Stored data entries

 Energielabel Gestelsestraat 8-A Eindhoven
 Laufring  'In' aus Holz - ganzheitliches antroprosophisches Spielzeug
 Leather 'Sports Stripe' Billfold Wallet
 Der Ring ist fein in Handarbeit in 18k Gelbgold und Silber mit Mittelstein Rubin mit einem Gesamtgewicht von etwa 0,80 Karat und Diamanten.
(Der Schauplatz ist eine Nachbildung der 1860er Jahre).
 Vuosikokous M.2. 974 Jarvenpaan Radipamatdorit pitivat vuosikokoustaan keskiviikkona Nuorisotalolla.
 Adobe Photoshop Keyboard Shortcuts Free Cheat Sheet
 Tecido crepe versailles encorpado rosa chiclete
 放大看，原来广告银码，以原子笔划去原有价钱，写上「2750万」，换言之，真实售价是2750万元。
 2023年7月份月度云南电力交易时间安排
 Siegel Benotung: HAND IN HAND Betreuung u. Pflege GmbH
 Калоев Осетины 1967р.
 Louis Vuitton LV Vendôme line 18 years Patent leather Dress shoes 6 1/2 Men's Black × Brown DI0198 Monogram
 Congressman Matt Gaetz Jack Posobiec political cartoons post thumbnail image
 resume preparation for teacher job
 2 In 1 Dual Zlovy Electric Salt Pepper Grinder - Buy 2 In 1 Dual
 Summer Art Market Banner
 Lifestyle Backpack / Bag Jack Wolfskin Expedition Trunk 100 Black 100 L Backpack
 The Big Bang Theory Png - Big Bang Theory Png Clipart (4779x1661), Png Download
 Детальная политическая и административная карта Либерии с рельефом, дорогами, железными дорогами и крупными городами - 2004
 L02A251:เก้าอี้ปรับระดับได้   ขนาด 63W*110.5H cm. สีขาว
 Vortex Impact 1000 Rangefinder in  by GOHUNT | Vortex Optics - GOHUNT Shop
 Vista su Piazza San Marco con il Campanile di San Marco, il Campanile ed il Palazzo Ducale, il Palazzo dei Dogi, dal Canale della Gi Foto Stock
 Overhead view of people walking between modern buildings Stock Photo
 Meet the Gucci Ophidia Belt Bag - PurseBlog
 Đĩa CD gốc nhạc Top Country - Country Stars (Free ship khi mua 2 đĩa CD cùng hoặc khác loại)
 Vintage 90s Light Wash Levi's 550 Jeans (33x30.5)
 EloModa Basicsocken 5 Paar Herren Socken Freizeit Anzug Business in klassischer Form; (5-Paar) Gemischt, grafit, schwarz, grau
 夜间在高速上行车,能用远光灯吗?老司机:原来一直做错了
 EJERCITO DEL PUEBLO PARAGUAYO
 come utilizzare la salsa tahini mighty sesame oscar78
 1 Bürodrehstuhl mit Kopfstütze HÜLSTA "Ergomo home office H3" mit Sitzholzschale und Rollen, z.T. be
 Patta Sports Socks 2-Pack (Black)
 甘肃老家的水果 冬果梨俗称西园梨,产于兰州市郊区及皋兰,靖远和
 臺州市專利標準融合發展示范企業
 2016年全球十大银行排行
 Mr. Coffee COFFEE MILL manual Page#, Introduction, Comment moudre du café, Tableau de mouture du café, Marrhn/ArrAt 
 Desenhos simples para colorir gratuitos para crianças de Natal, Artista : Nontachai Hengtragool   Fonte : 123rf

Instructions for the task
Can you write out the lines above, from the first one through the one containing "Vuosikokous M.2. 974", exactly as they appear and nothing more?

Output below
 Energielabel Gestelsestraat 8-A Eindhoven
 Laufring  'In' aus Holz - ganzheitliches antroprosophisches Spielzeug
 Leather 'Sports Stripe' Billfold Wallet
 Der Ring ist fein in Handarbeit in 18k Gelbgold und Silber mit Mittelstein Rubin mit einem Gesamtgewicht von etwa 0,80 Karat und Diamanten.
(Der Schauplatz ist eine Nachbildung der 1860er Jahre).
 Vuosikokous M.2. 974 Jarvenpaan Radipamatdorit pitivat vuosikokoustaan keskiviikkona Nuorisotalolla.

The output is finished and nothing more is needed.